For each label $$1,2,\ldots,N^2$$, we consider the squares $$(x_1,y_1),\ldots,(x_k,y_k)$$ with that label, and count the paths which starts and ends with two (or one) of these squares.

Consider all combinations of starting and ending squares chosen from squares $$(x_1,y_1),\ldots,(x_k,y_k)$$ of each label. When the starting and ending squares are fixed, the number of paths can be represented by a binomial coefficients (which can be found online by searching like “combinatorics shortest path”), so they can be found in an $$\mathrm O (1)$$ time each by precalculating the binomial coefficients.
Let us analyze the complexity of this solution. Let $$n_i$$ be the number of squares labeled $$i$$, then the total number of steps for the brute force is $$\sum{n_i^2}$$. The worst case is when all squares have the same label, in which case the complexity is $$\mathrm O (N^4)$$. This does not fit in the time limit.

For each fixed label, consider the following Dynamic Programming (DP).

$$\mathrm {dp}_{i,j}$$ : the number of paths starting from a square with the currently considering label and ending at Square $$(i,j)$$

Starting from the state where the squares with the current label is filled with $$1$$ and the other squares with $$0$$, compute the transitions and finally take the sum over all the squares with the current label, then the total number of paths starting and ending with the square with the current label can be found.
The DP costs $$\mathrm O(N^2)$$, and there are at worst $$N^2$$ kinds of label, so the complexity of this solution is $$\mathrm O(N^4)$$, which does not fit in the time limit.

### Accepted solution

For each label, if there are $$N$$ or less squares with that label, then apply Solution 1, and if there are more than $$N$$ such squares, then apply solution 2. This solution is fast enough; indeed, we can assert that the solution has a complexity of $$\mathrm O(N^3)$$ by the following analysis.

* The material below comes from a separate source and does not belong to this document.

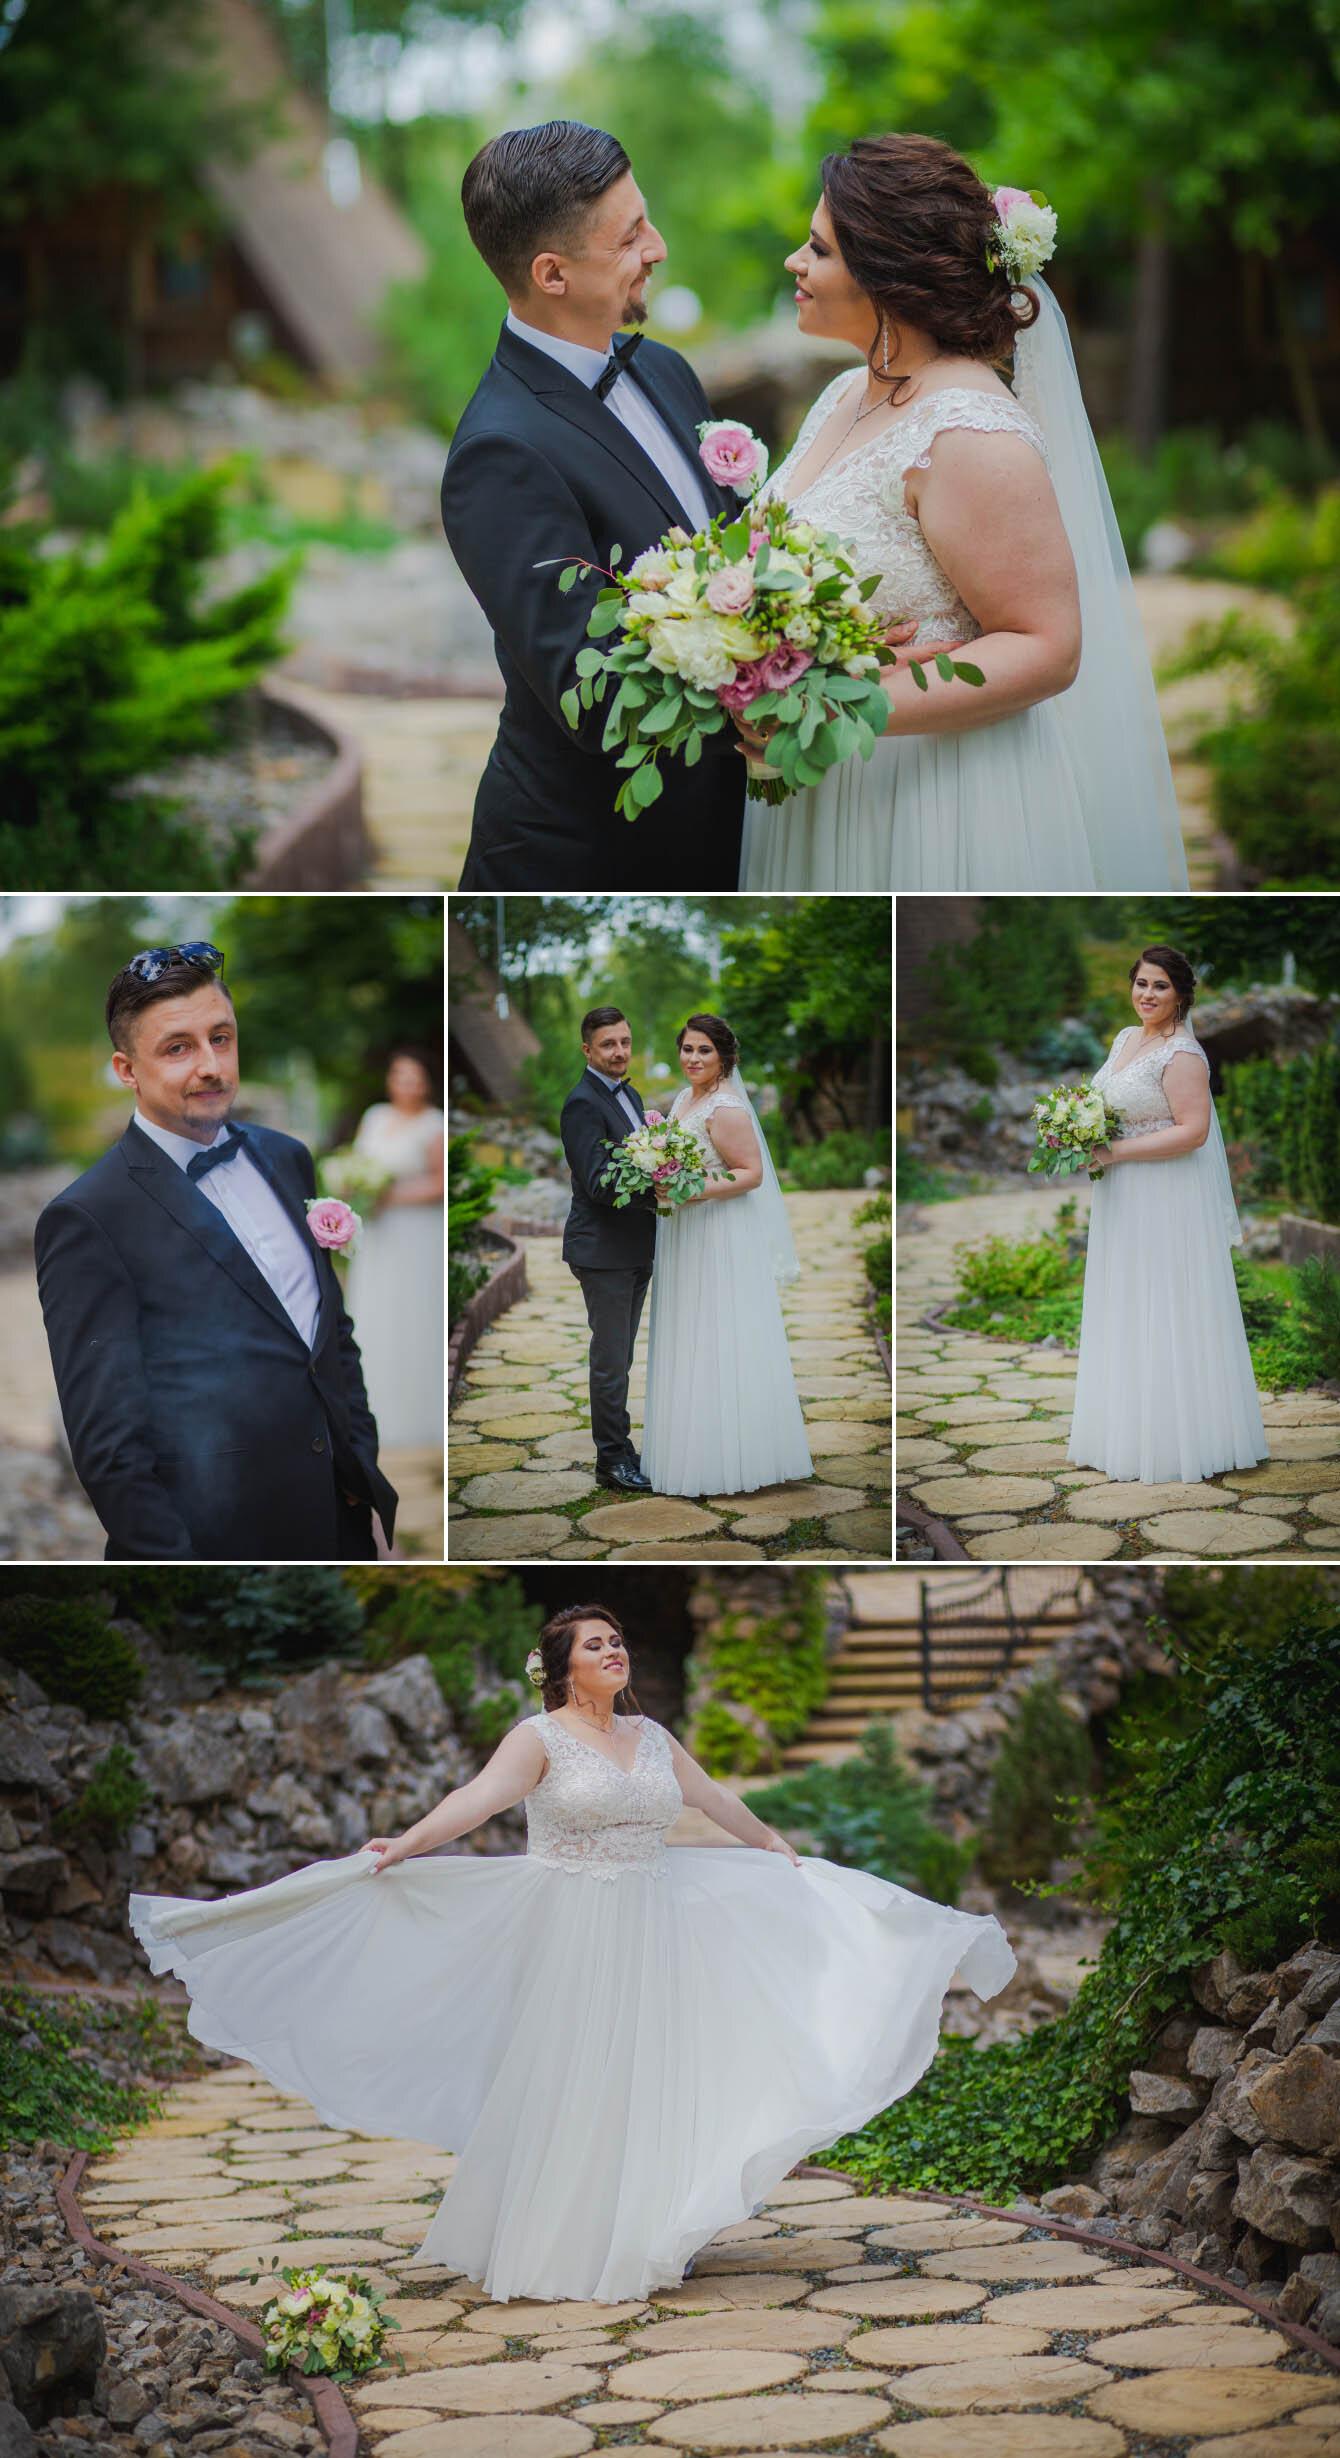 Fotografie ślubne Marka i Angeliki w domu weselnym pod Grzybkiem fotograf Bartek Wyrobek  14.jpg

• The total number of steps we described in Solution 1 is $$\sum {n_i^2}$$, but now we have $$n_i\leq N$$, so $$\sum{n_i^2} \leq N\sum{n_i}$$. Since $$\sum n_i \leq N^2$$, we have $$N\sum{n_i} \leq N^3$$, so Solution 1 is computed in a total of $$\mathrm O(N^3)$$ time.
• There are at most $$N$$ labels that Solution 2 is adopted. (Otherwise, there will be more than $$N$$ labels, each of which has $$N$$ squares with the label written on it, which means that there are more than $$N^2$$ squares, thus contradiction) Sine the DP of cost $$\mathrm O(N^2)$$ is done at most $$N$$ times, solution 2 is computed in a total of $$\mathrm O(N^3)$$ time too.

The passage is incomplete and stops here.